Work item
If pictures are present, leave them out, and copy the data word for word.

Collected data
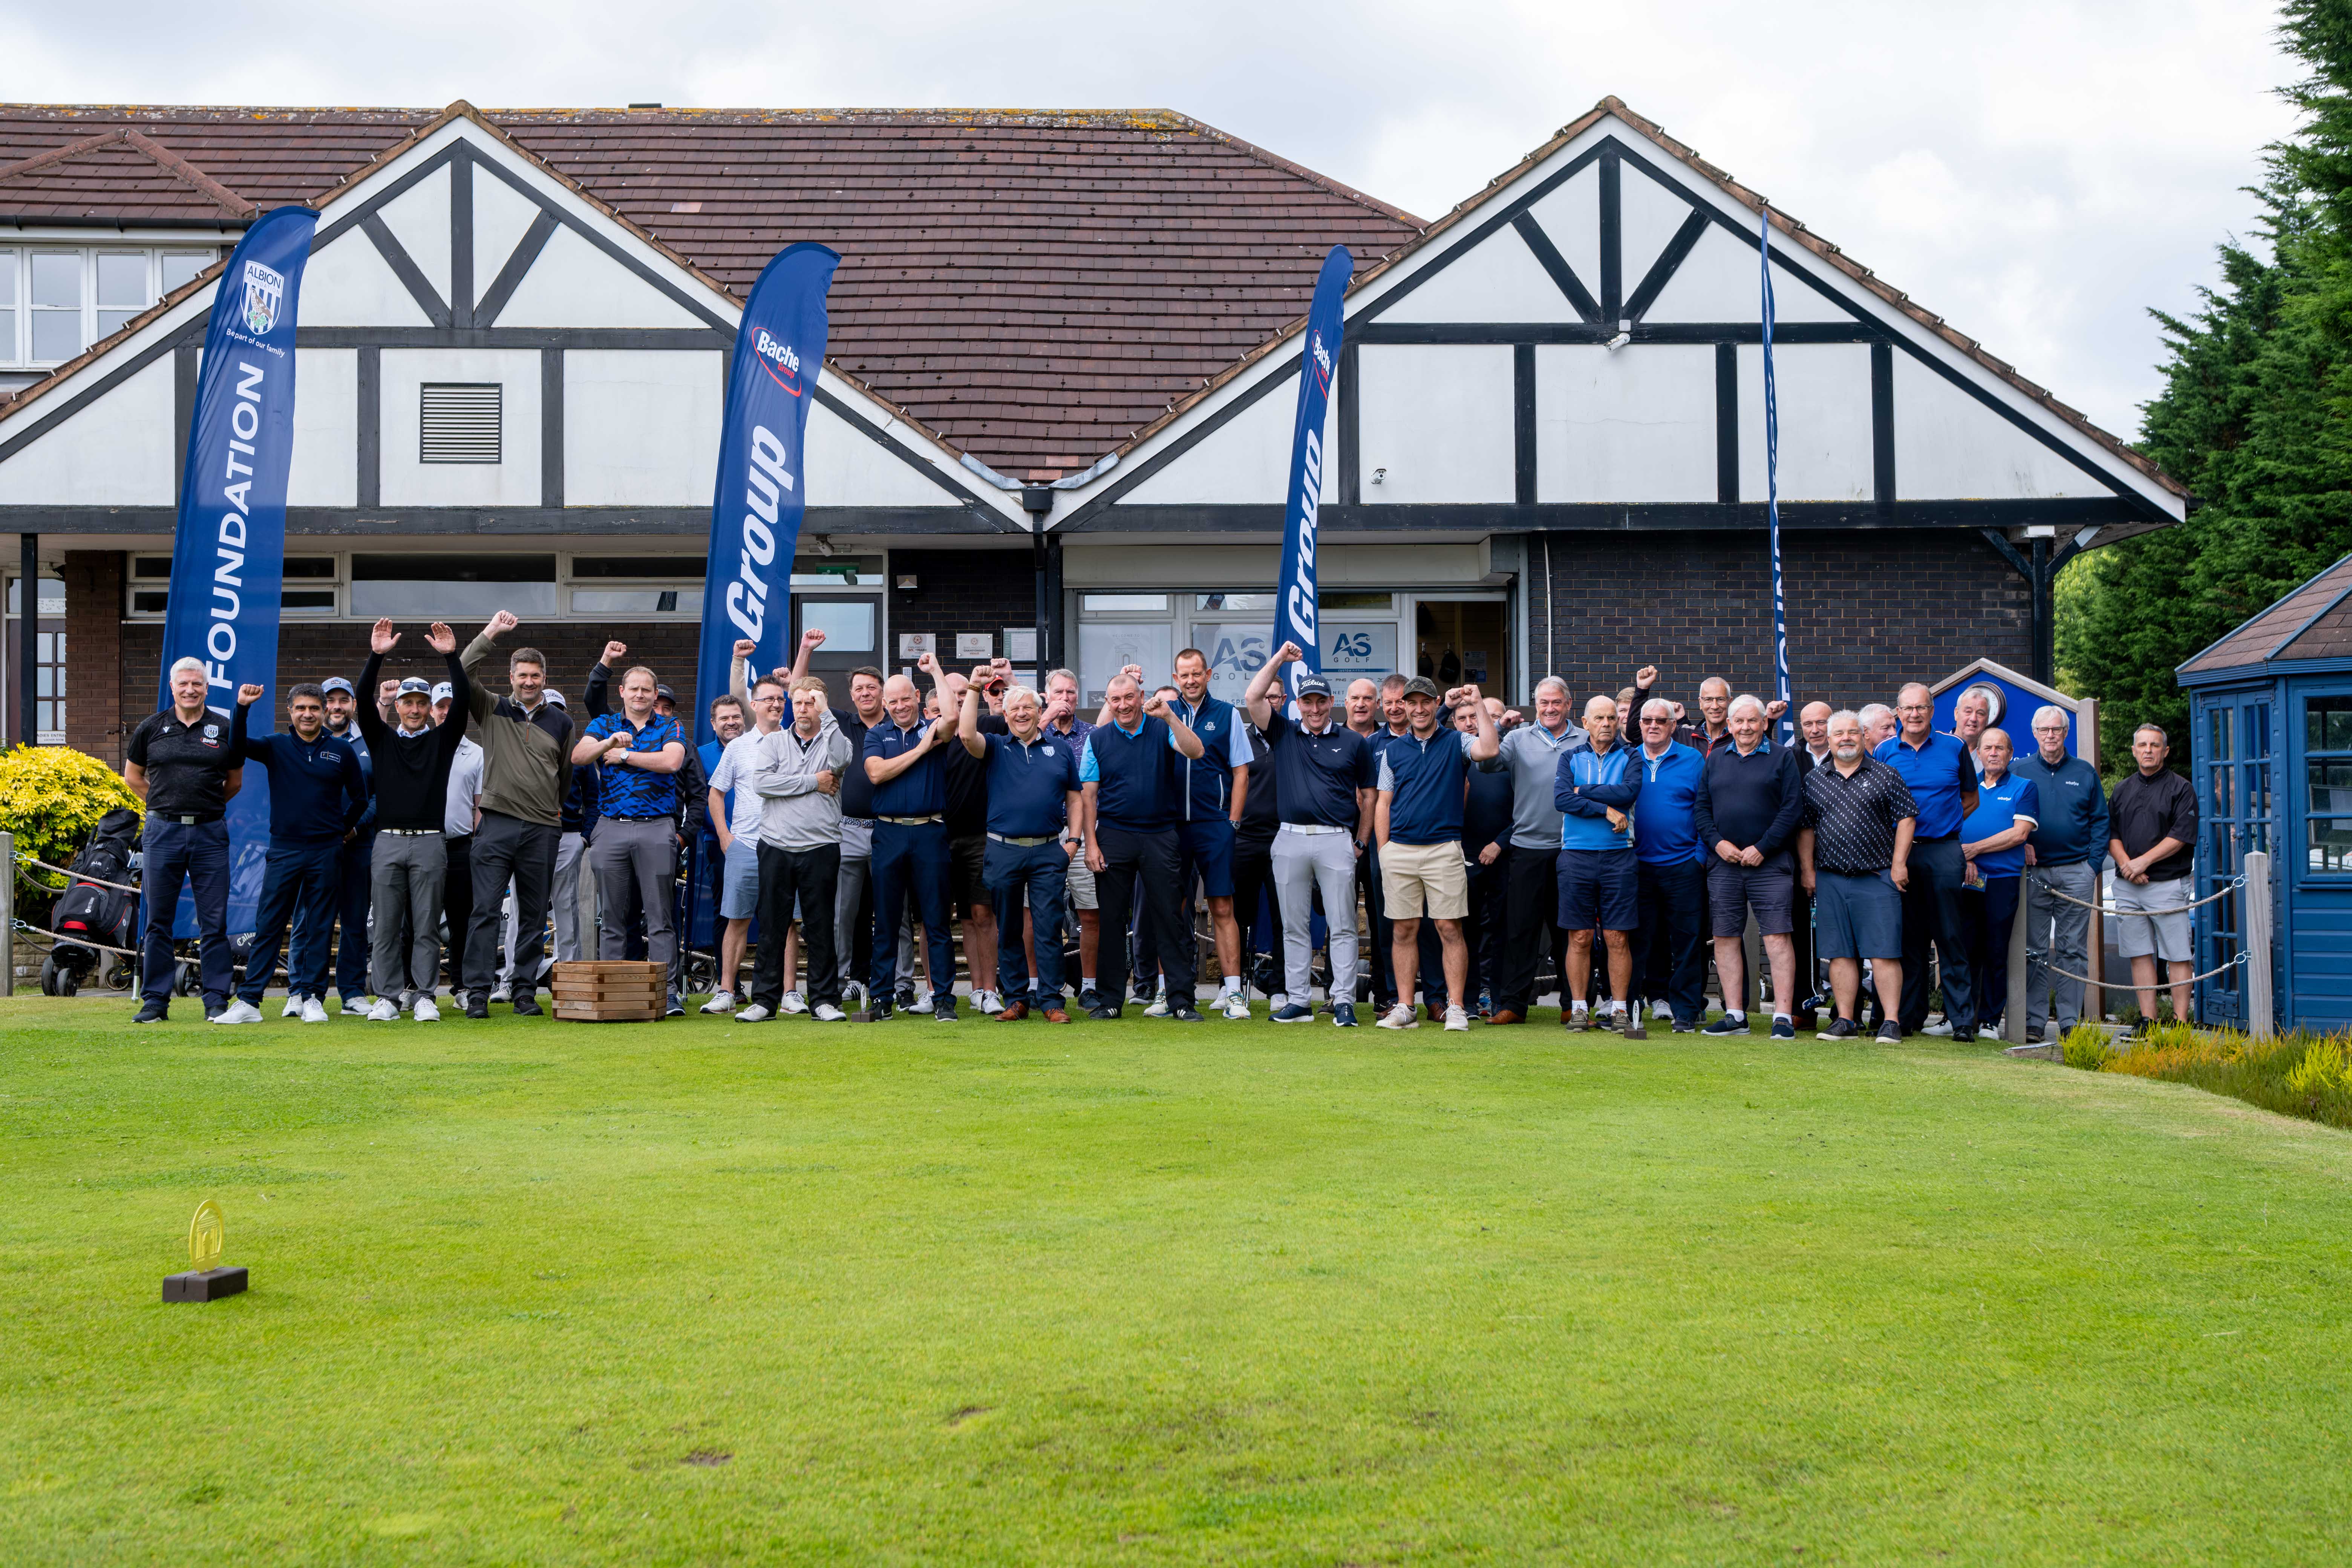 The Albion Foundation Golf Day players get set for a day on the course.
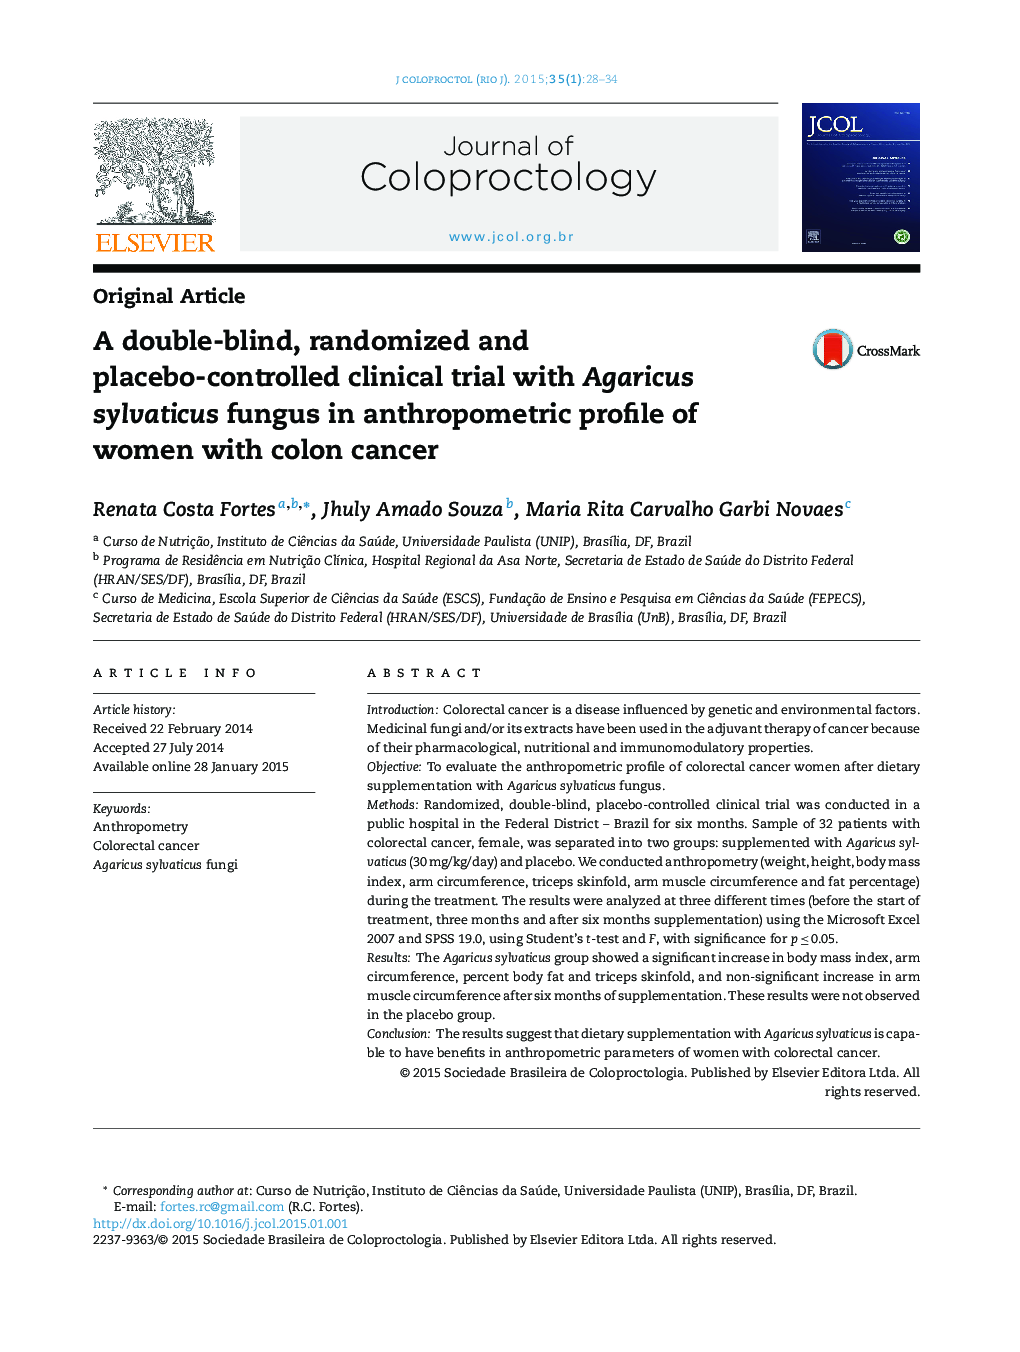 A double-blind, randomized and placebo-controlled clinical trial with Agaricus sylvaticus fungus in anthropometric profile of women with colon cancer
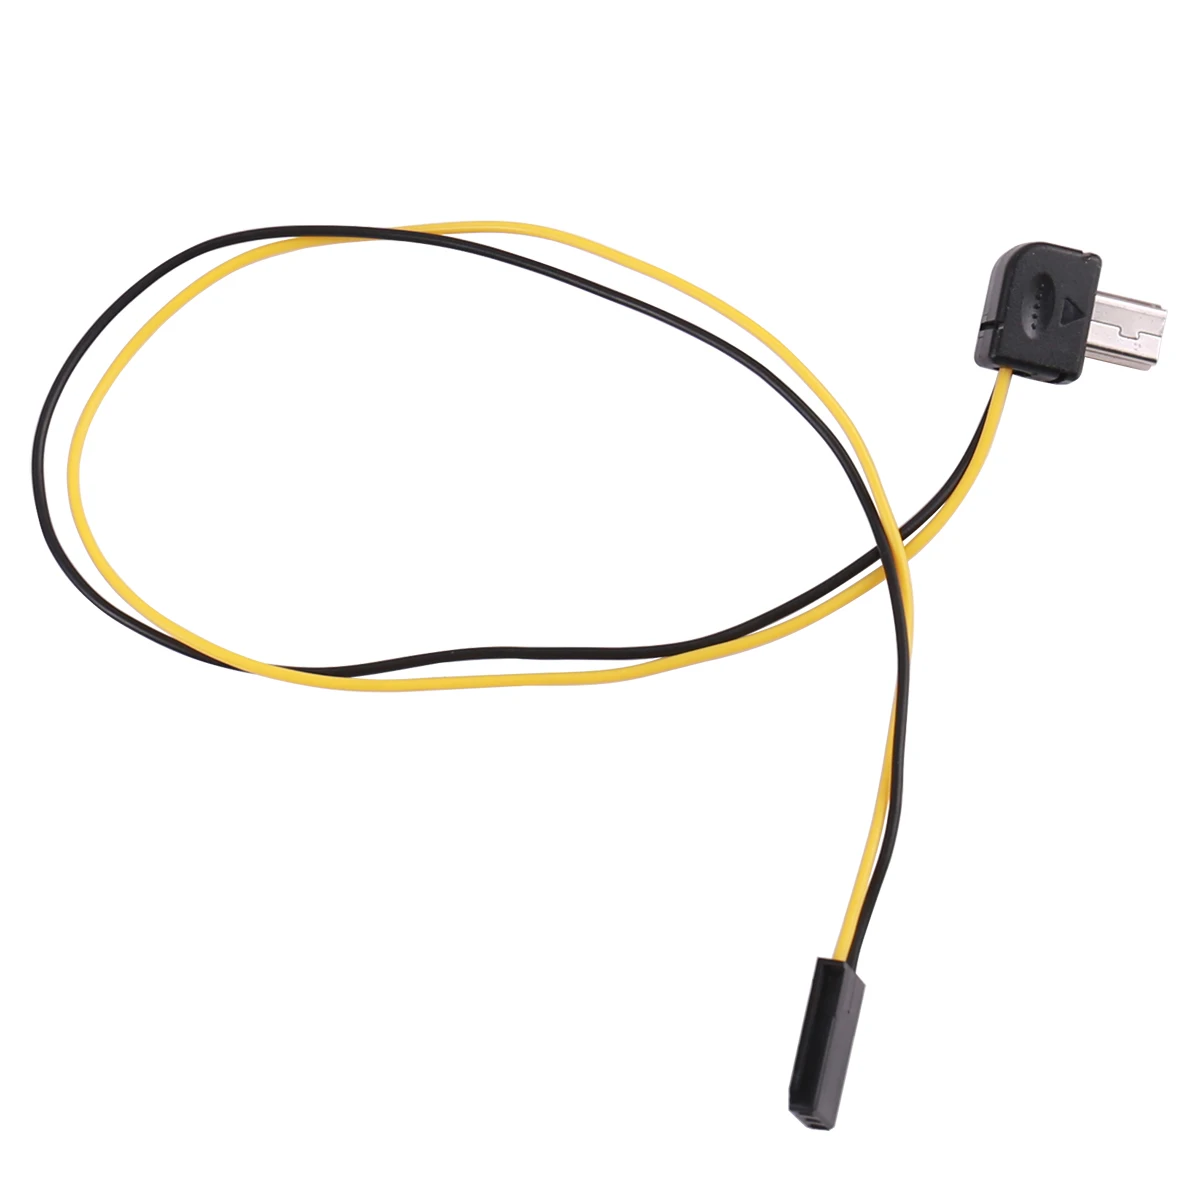 

Gopro3 Video Output Line FPV Connector Cable AV Video Real-time Output Cable For Gopro 5.8G Transmitter
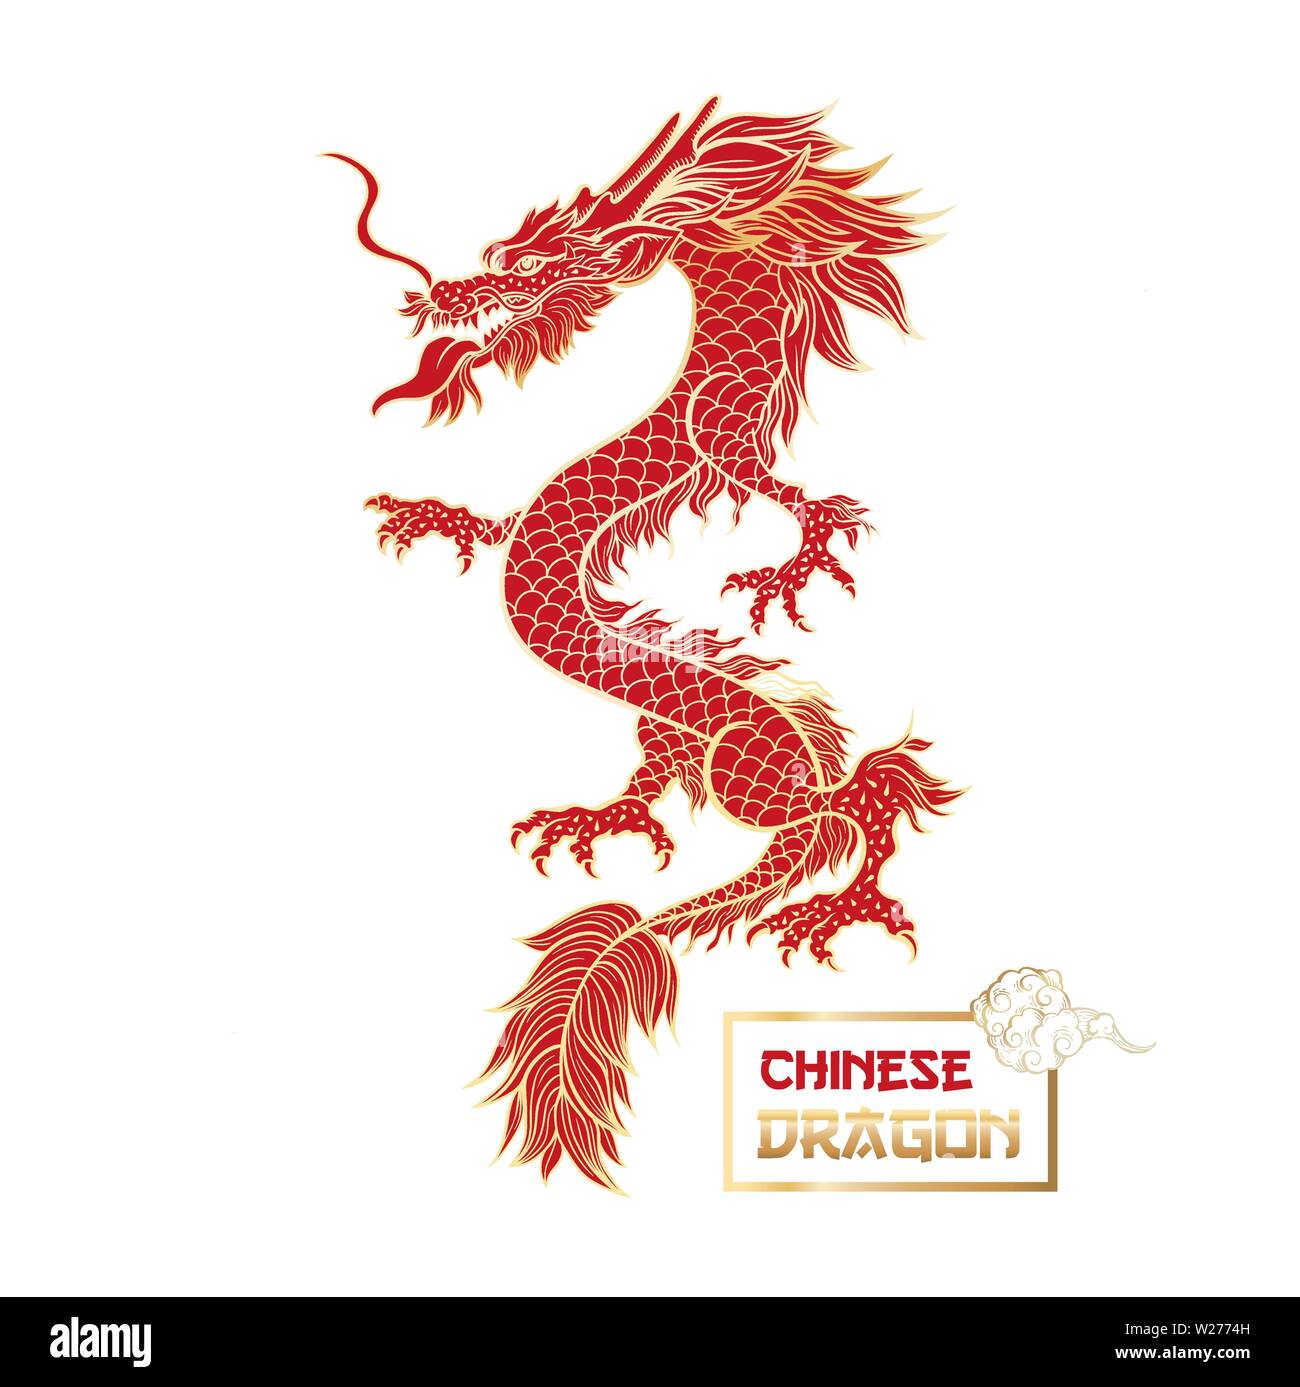 Chinese red dragon hand drawn illustration. Asian mythology serpent. Traditional oriental mystic red creature with gold ink outline. Legendary fantasy animal. Chinese New Year greeting card design Stock Vector

Reply
 The Albion Foundation Golf Day players get set for a day on the course.
 A double-blind, randomized and placebo-controlled clinical trial with Agaricus sylvaticus fungus in anthropometric profile of women with colon cancer

Gopro3 Video Output Line FPV Connector Cable AV Video Real-time Output Cable For Gopro 5.8G Transmitter
 Chinese red dragon hand drawn illustration. Asian mythology serpent. Traditional oriental mystic red creature with gold ink outline. Legendary fantasy animal. Chinese New Year greeting card design Stock Vector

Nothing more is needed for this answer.